What It Takes to Build a Deep-Tech Company

A conversation with Arnaud Legris

Arsenale is building a neo-industrial biomanufacturing company – one that integrates modular infrastructure, advanced sensing, and AI-enabled design to radically transform how biology is deployed at scale.

As Chief Operating Officer, Arnaud Legris is connecting the dots across a complex system, with an evolving role as the company grows.

In this conversation, Arnaud Legris shares insights on:

  • How his experience at BCG Deep Tech and industrial projects shaped his approach

  • What it takes to operationalize a deep-tech company from the ground up

  • Why mastering complexity - not avoiding it - is key to building scalable biomanufacturing

Arnaud, you co-founded Arsenale after leaving BCG, where you were part of its Deep Tech practice. What made you take the leap into building something from the ground up?

At BCG, I had the privilege of working across a range of deep-tech ventures - spanning synthetic biology, AI, quantum. What I saw, again and again, was a paradox: the scientific talent was world-class, but the systems required to scale those technologies industrially simply didn’t exist. The innovation wasn’t being blocked in the lab, – it was being blocked by mindset and structure. People start from a technology which is great in the lab, but are disconnected from the industrial implementation. Worse, by not starting from the underlying problem, their solution becomes just one piece of a larger puzzle – disconnected from the operational context where complexity accumulates, but where real value is captured.

Co-founding Arsenale was an opportunity to move away from the consultant role and return to my engineering roots. I wanted to be part of the growing wave of synthetic biology and actually start building the solution to bring it to scale. It’s a different kind of work. We’re not just solving for performance – we’re building a system that can carry complexity, not strip it away.

You’ve spoken before about the need to build a new Operating System for deep tech. What does that look like at Arsenale?

We use that phrase deliberately. Most companies still try to scale innovation without embracing its complexity - isolated teams unaware of each other’s work and / or missing the big picture, siloed information, long feedback loops. But deep tech operates on a different logic: rapid iteration, convergence of disciplines, continuous learning. That’s the essence of the DBTL cycle - Design, Build, Test, Learn, but company wide. It’s fast, it’s intense, it’s feedback-heavy, and it requires alignment across biology, engineering, data, lab, industrial, operations.

So we’re not just building machines. We’re designing a company that can metabolize complexity. That means flatter structures, real-time and iterative decision loops, deeply integrated teams. It also means being honest about how many different mindsets need to coexist: the builder, the operator, the biologist, the industrial engineer. 

And it humbly means rewiring expectations – not assuming someone else has solved a downstream issue, but actively thinking about the impact of your work on others. Are you generating usable data? Are you building for operability? Are you designing with the right skillsets in mind? That’s the shift.

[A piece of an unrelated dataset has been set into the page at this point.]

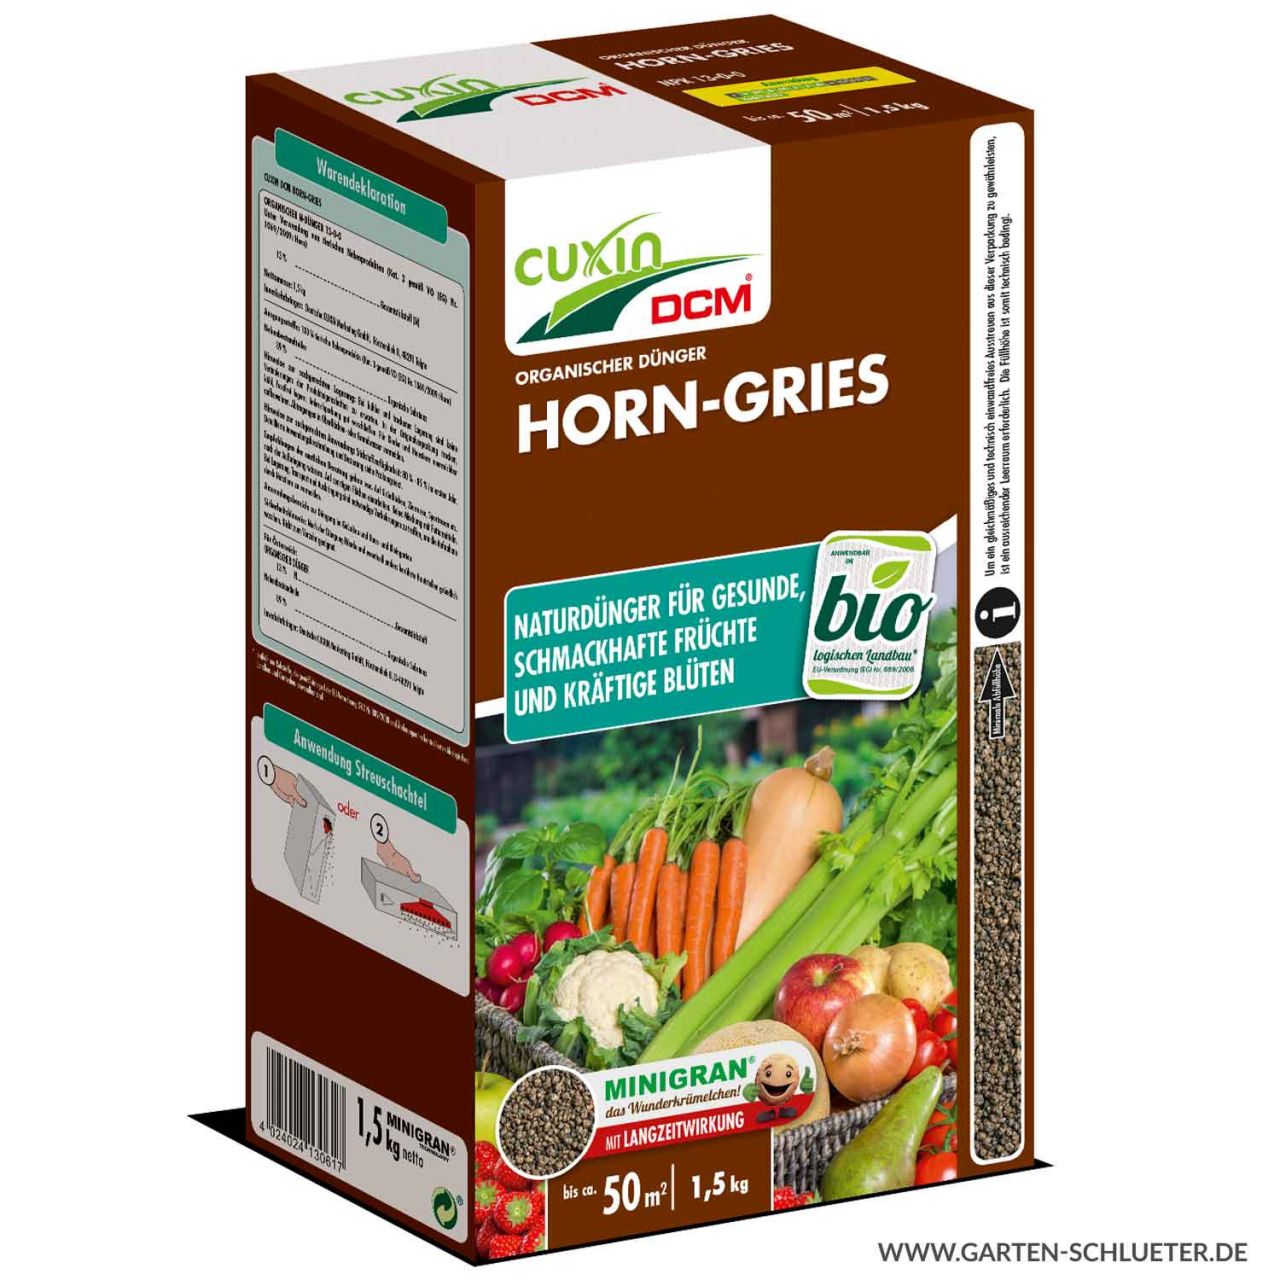 Horn-Gries  Cuxin 1.5 KG

What’s the role of the COO in a company like this? What have been some of the hardest lessons so far?

“Chief Operating Officer” is just a title – you could just as well call it firefighter, gardener, or architect. At its core, the role begins with building the infrastructure and processes that enable teams to execute.

But this is building while running – and from scratch. It demands constant problem-solving, with new challenges surfacing every day, while capturing the lessons that will shape better systems over time. There’s everything to build and no ready-made blueprint.

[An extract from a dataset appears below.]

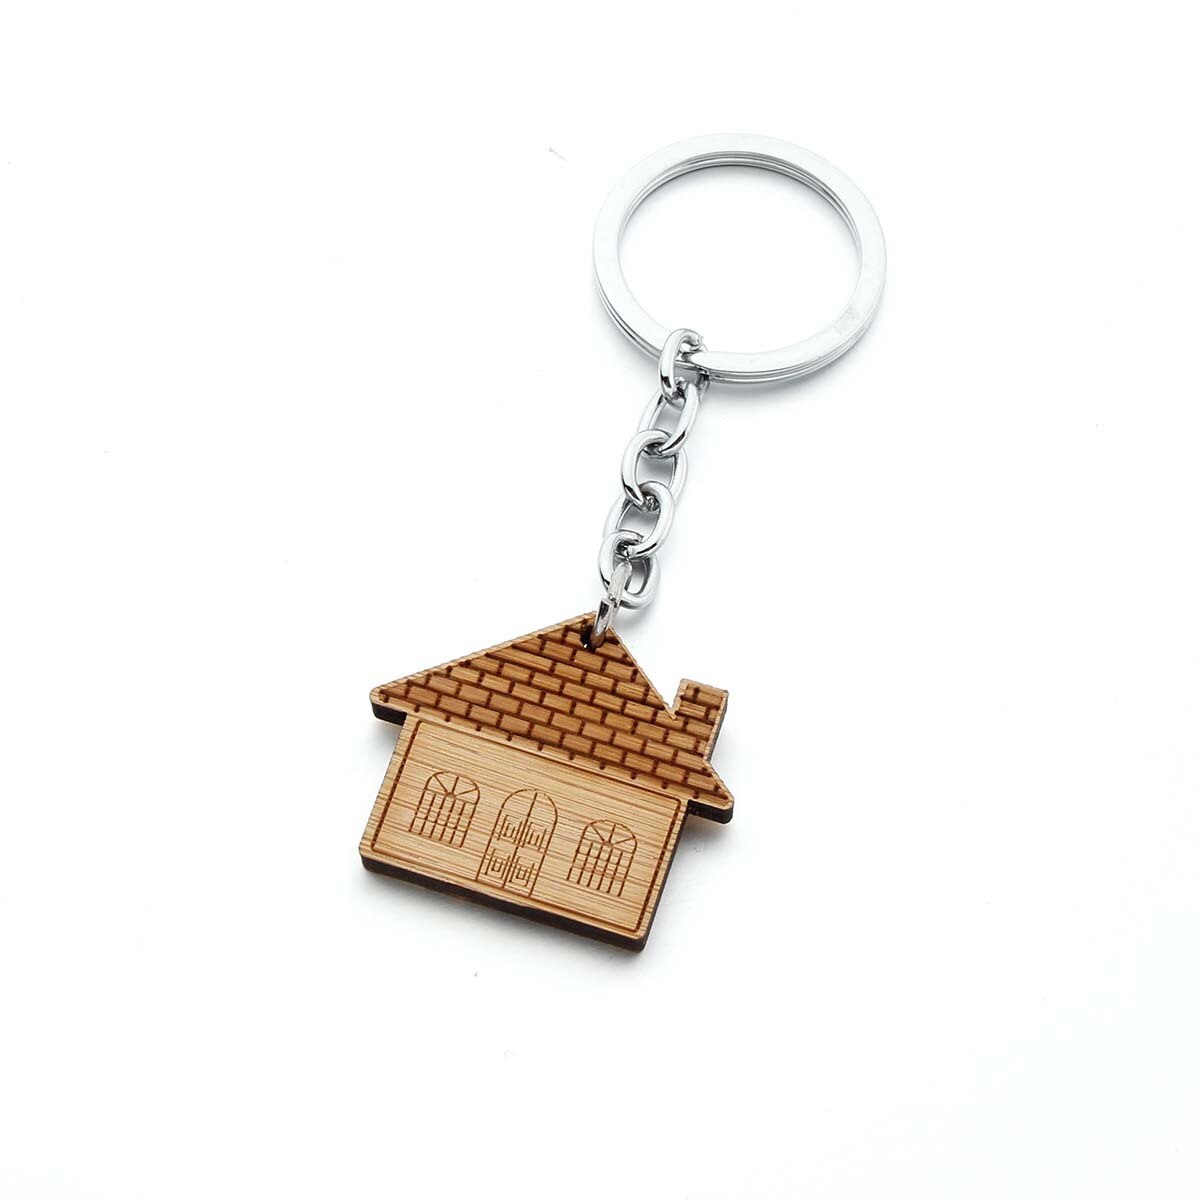 Aktuelt tilgængeligt salg nøgle spænde træ nøglering nøgle spænde hjem hus træ nøgle træ nøgle spænde nøgle spænde nøgle: Hus

It’s a deeply architectural task. Not about perfect plans, but about making the organization legible to itself - so it can learn, adapt, and move.

My role is to maintain a transversal view across the company: solving for missing links, wearing multiple hats, and enabling others to focus on what they do best. It means being in the trenches – not optimizing from above, but making sure things get done.

One of the most important lessons learned is that execution is everything. We operate across distinct domains - biology, engineering, data, lab, industrial, operations. Beyond assembling the talent, we have to build the connective tissue that enables real collaboration, grounded in situational awareness.


Looking forward, what’s next for you and for Arsenale?

We’re moving toward stabilizing and learning from the fast growth and development phase. In less than 1 year, we grew from 8 to almost 30 people, we experienced interfaces across teams, we onboarded hundreds of suppliers, two laboratories and industrial infrastructure came out of the ground, we implemented new tools which require training, and much more. The time has come to structure and strengthen our foundations to accelerate. 

We’re not just building bioreactors. We’re building a new kind of company. And if we do it right, others will be able to follow - not by copying the surface, but by adopting the underlying principles.

Arnaud co-authored a BCG + Hello Tomorrow report, Nature Co-Design A Revolution in the Making, which explores the specific challenges and breakthroughs required to scale synbio ventures. His current work at Arsenale brings that vision into operational reality.